In Ecuador, the IMF accepted Chinese financing assurances which resulted in a subsequent restructuring two years later.
In Zambia, the IMF apparently lowered the bar and approved a program with assurance that ended up being not specific nor credible since we are learning from media reports that Chinese creditors are pushing back on IMF assumptions and restructuring negotiations are yet to start.
As said time and time again, Sri Lanka looks set to be the next major test case for the financing assurances policy, and the government is yet to receive these assurances from relevant bilateral lenders.
However, away from the limelights, the IMF could actually have another card up its sleeves, in the form of a two-step approach involving emergency financing instruments.
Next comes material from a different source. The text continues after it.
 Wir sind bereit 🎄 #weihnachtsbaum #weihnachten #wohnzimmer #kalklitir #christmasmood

These instruments, meant to be disbursed rapidly, have less stringent requirements than full-fledged IMF programs. For instance debt needs to be prospectively sustainable but the program does not need to be fully financed, meaning a financing gap can remain. Additionally, the IMF has empirically applied less stringent requirements in terms of debt restructuring assurances for emergency financing.
Concretely, in cases involving unsustainable debt and creditors reluctant to provide financing assurances, the IMF could approve a smaller-scale emergency financing package, relying on weak or non-existent financing assurances. This financing would provide the government with a time-bound lifeline, reducing the leverage of reluctant creditors during the next few months and laying ground for the conduct of good-faith restructuring negotiations. This would ideally result in the provision of specific and credible assurances, or even of a final restructuring deal, enabling the approval of a full-fledged IMF program with bigger disbursements.
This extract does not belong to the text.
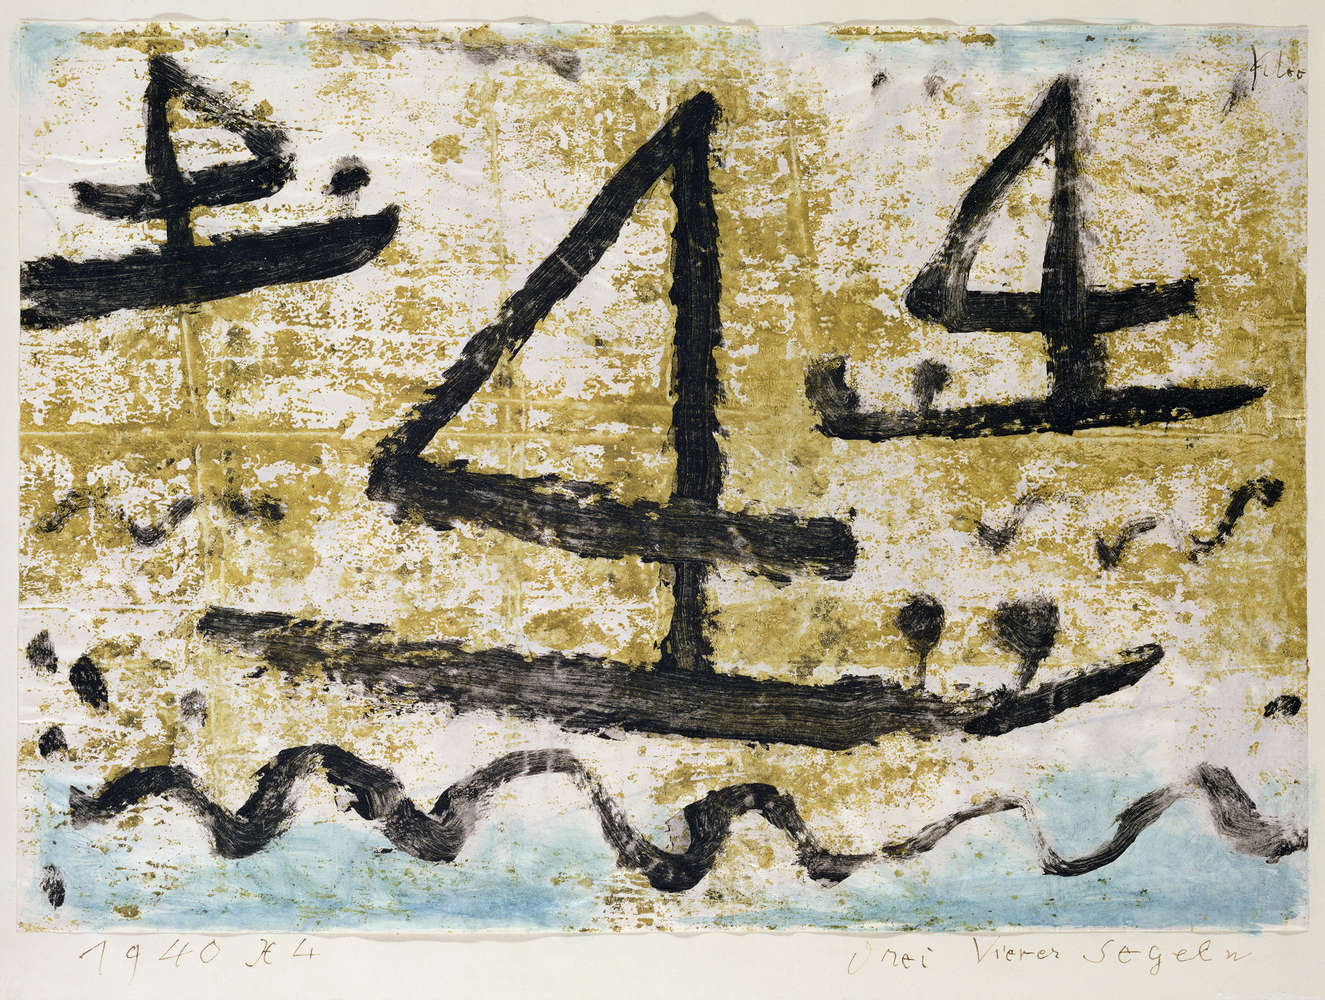             Zeilschepen" muurschildering van Paul Klee

This idea could actually be considered as a way to make Lee Buchheit’s proposal workable within the current IMF policies, since within the two-step approach the Board does approve a program without comprehensive financing assurances, and the most significant disbursements under the UCT program do come at a second stage after financing assurances have been received.
The missing piece in this process would be IMF oversight during the emergency financing period, since emergency instruments do not involve conditionalities. However, when unveiling its Food Shock Window in October 2022, the IMF also created a new form of Staff Monitored Programs with Board Involvement (PMB for short). While they were not widely discussed, PMBs are exactly meant to bring some form of oversight within the IMF’s emergency financing toolkit, and would be a perfect fit for the two-step approach described above.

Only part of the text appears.